Let us now go into the important details of how you can decide if you want a fixed interest
rate loan or a variable interest rate loan. Without going into the specifics of economics you should apply for a variable interest rate loan when
the current interest rates environment is low. This means that you will get to enjoy the current low rates and have a minimal chance of the
interest rates getting to a dangerous point. Conversely, if the interest rate environment is currently high then it will make more sense for you
to go for the fixed interest route. It should be noted that most loans have their interest rates calculated early on the life cycle. This means
for a loan that takes 20 years to pay off the bulk of the interest rates are calculated in the first 3 years, not many people know that. This is
to ensure that the bank gets a healthy profit even if the borrower tries to pay off the loan early. Because of this arrangement it also makes
sense that you should pick current environment with the lowest interest so you can make use of that.
It’s needless to say that shopping around for lenders before getting your loan is a very smart
thing to do. The problem is that once a borrower settles for a lender they seem to think that it is a breach of contract to change lenders.

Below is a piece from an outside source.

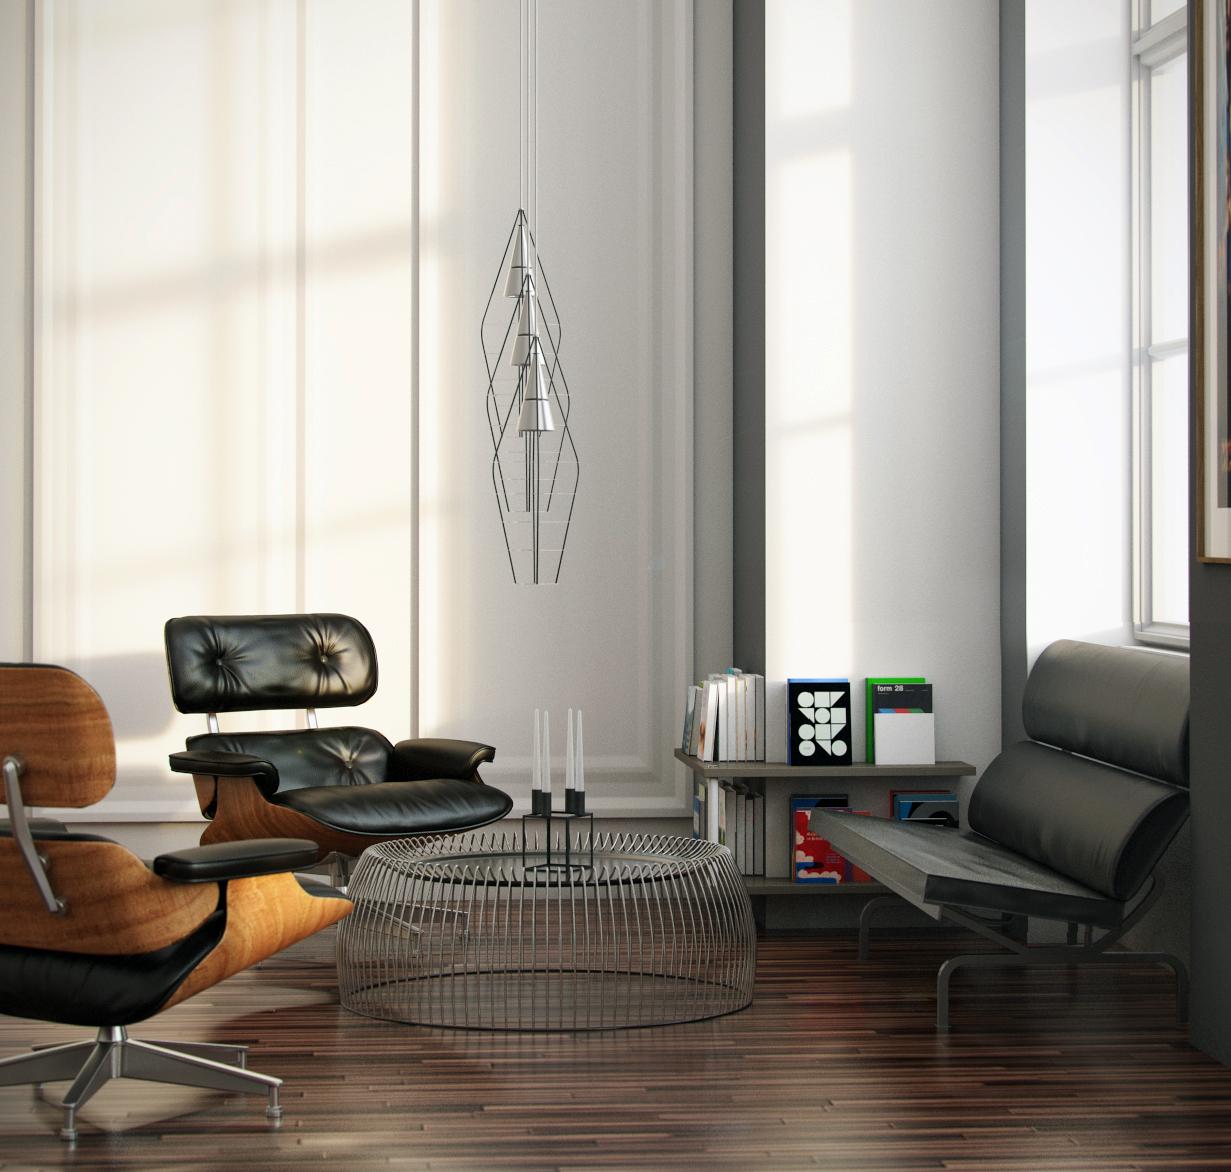 Cg m arket3d hdri lighting for realistic rendering - 3ds max vray exterior lighting tutorials pdf ...
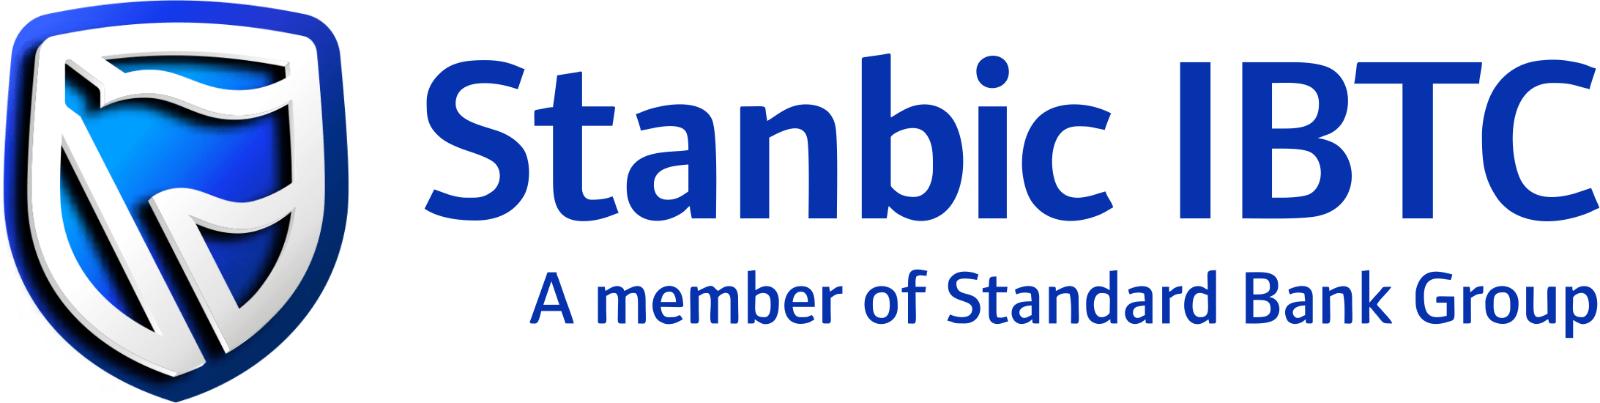 Stanbic-ibtc-logo.png

Remember that the shopping around should never stop even after you have a loan. There really is no point in being faithful to your lender are
when you become insolvent they wouldn’t think twice about coming after you with their hatchets. Always look for refinancing opportunities but
keep in mind the cost of it and how much the whole exercise will cost you. Only if the rates are sufficiently lowered can you opt to refinance
your loan.
When trying to decide which product to use you have to ask yourself some serious questions
about the reason for the loan. The two products although being rather similar in how they are secured using your home equity should be used quite
differently. A second mortgage loan should be used if you need to buy something big in one shot. A HELOC arrangement should be used when you need
money to be available but not necessarily use it all at once.